* **Exercise prompt**
Everything in the listing that follows should be reproduced exactly except the pictures.

* **Supplied data**

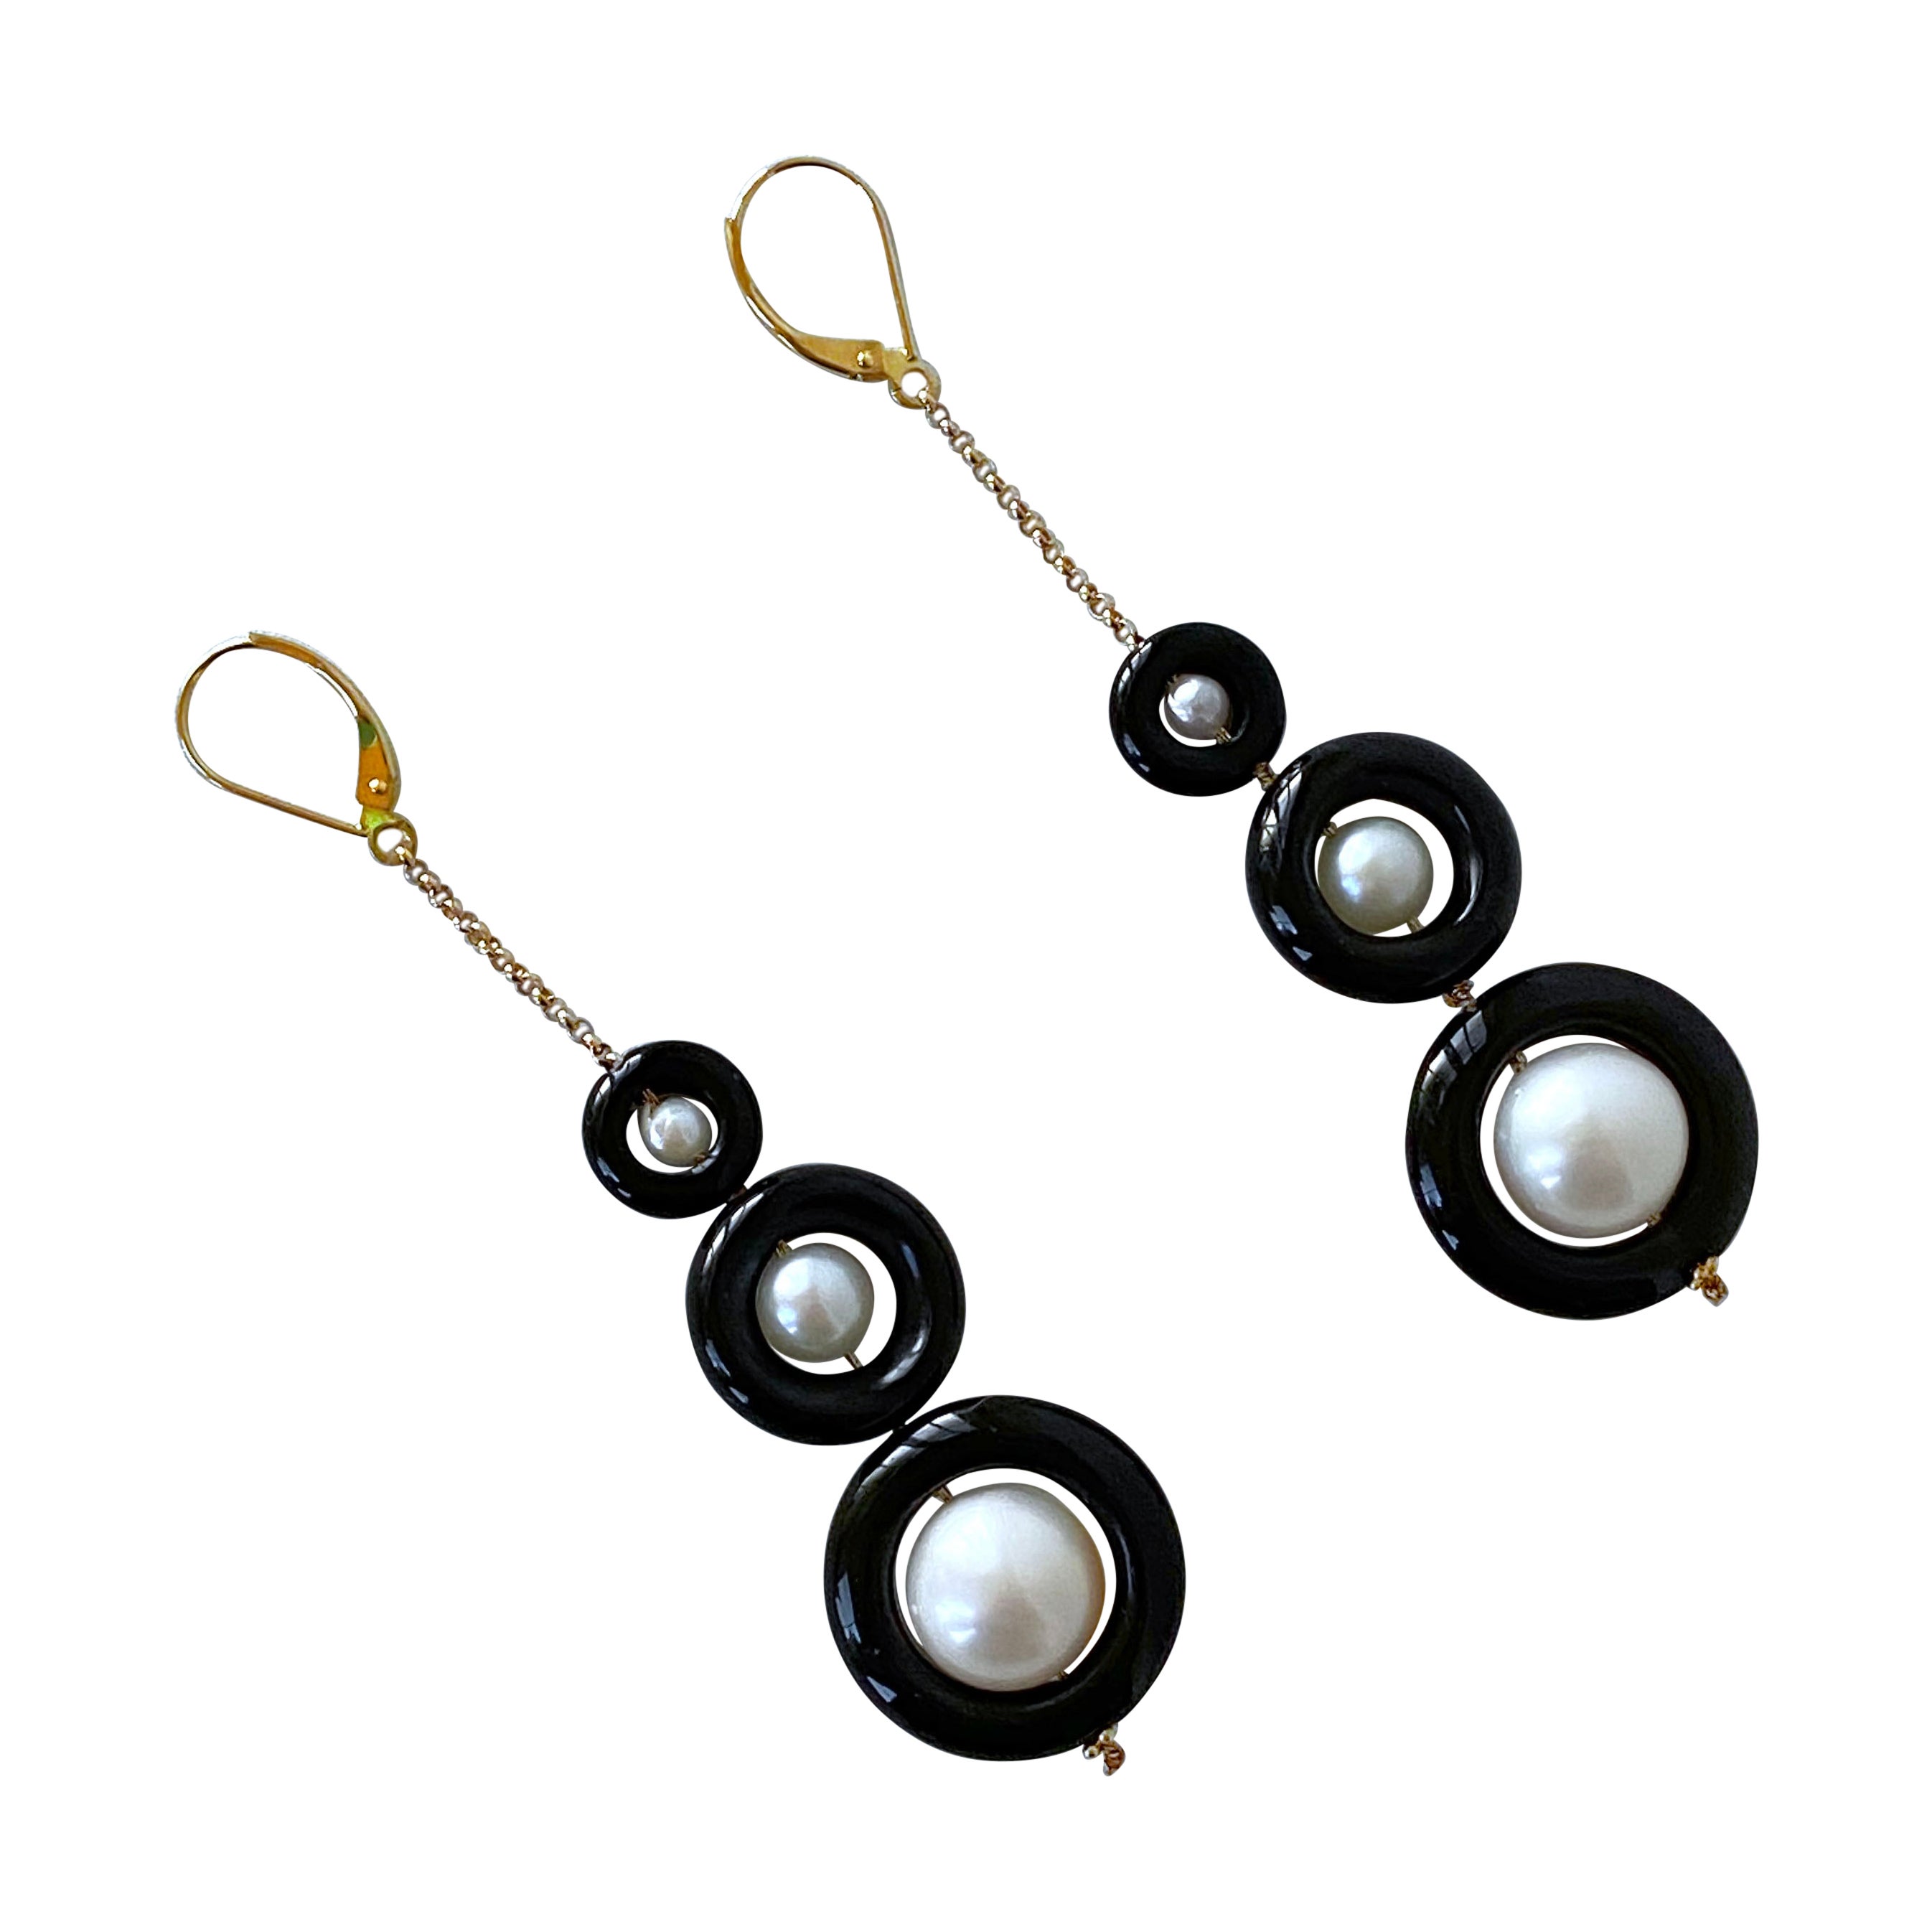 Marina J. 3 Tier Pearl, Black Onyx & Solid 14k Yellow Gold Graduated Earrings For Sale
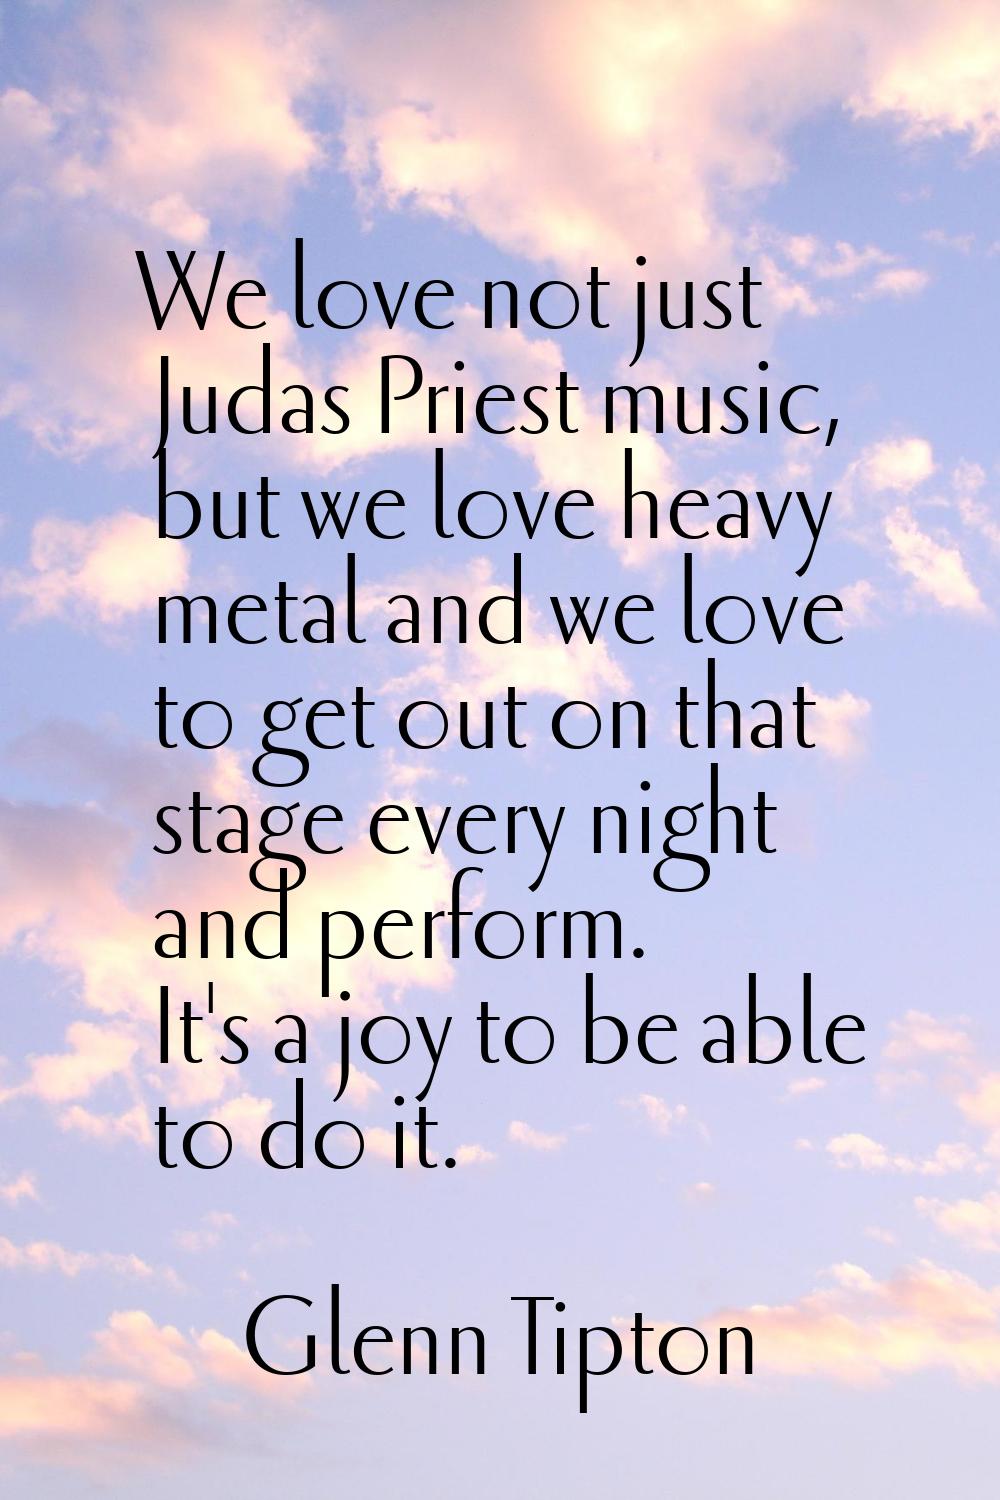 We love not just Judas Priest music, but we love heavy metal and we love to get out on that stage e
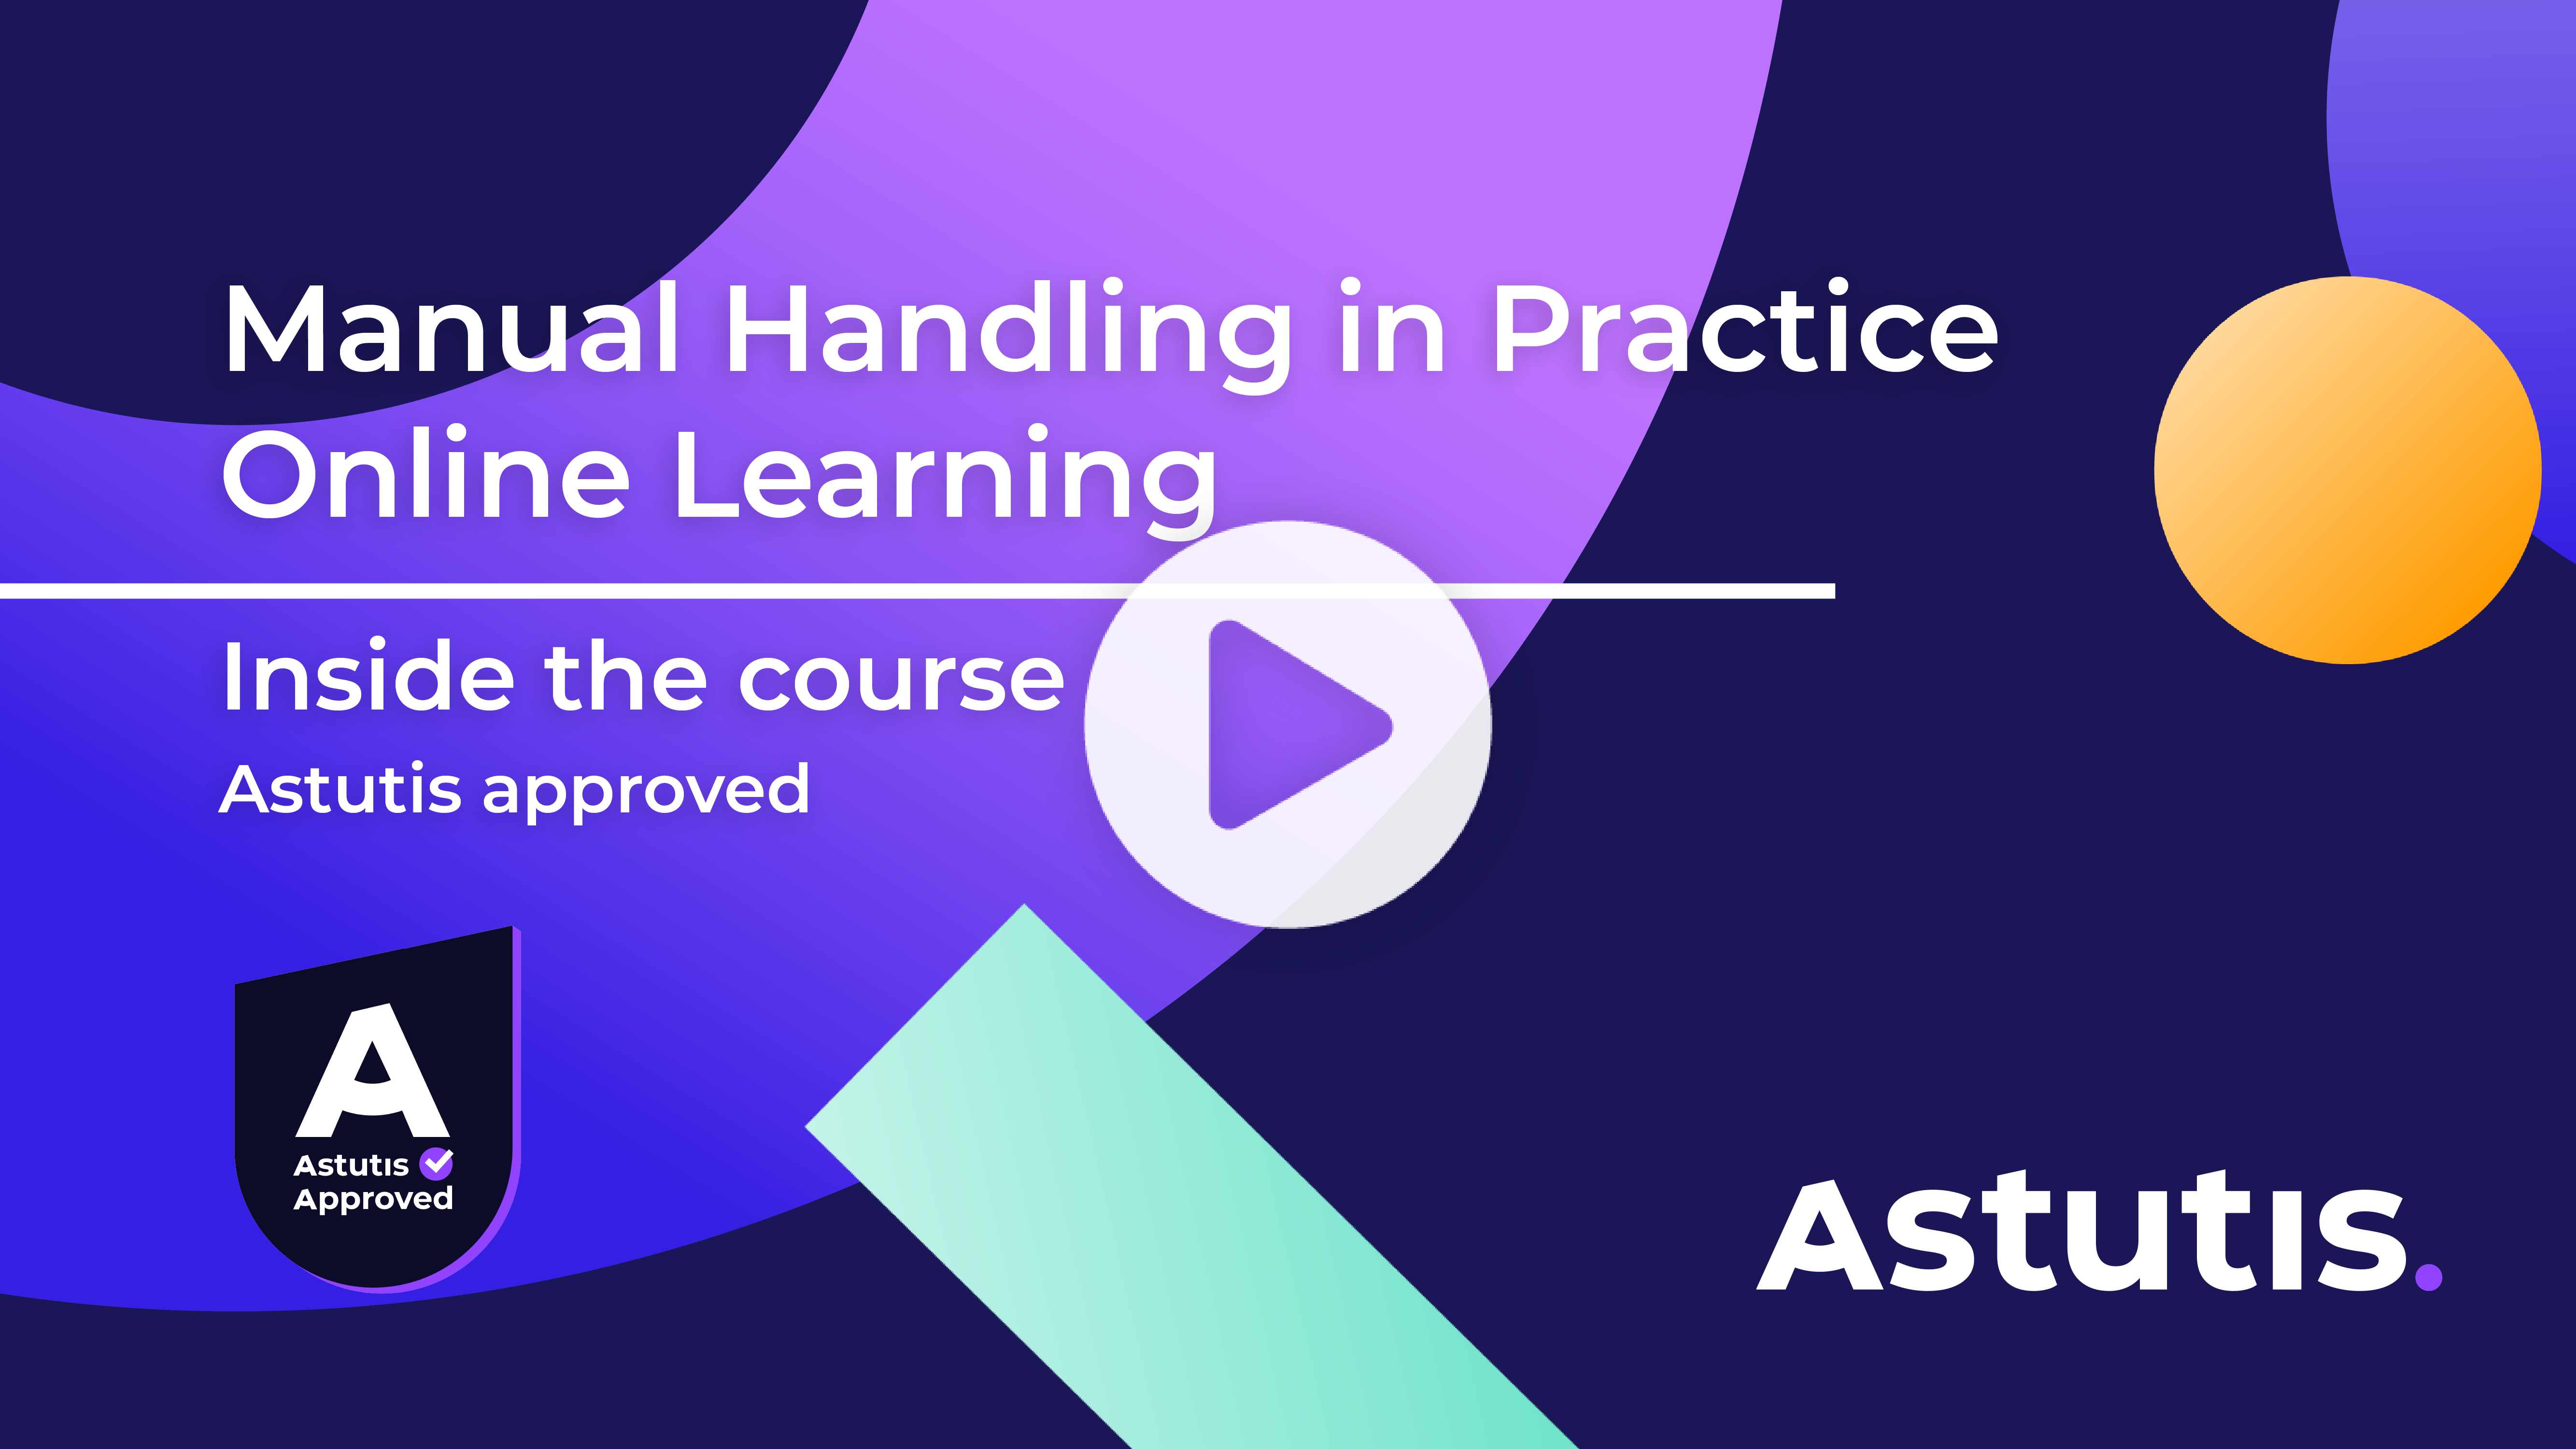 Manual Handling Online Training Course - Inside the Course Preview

* **Solved problem**
 Marina J. 3 Tier Pearl, Black Onyx & Solid 14k Yellow Gold Graduated Earrings For Sale
 We love not just Judas Priest music, but we love heavy metal and we love to get out on that stage e
 Manual Handling Online Training Course - Inside the Course Preview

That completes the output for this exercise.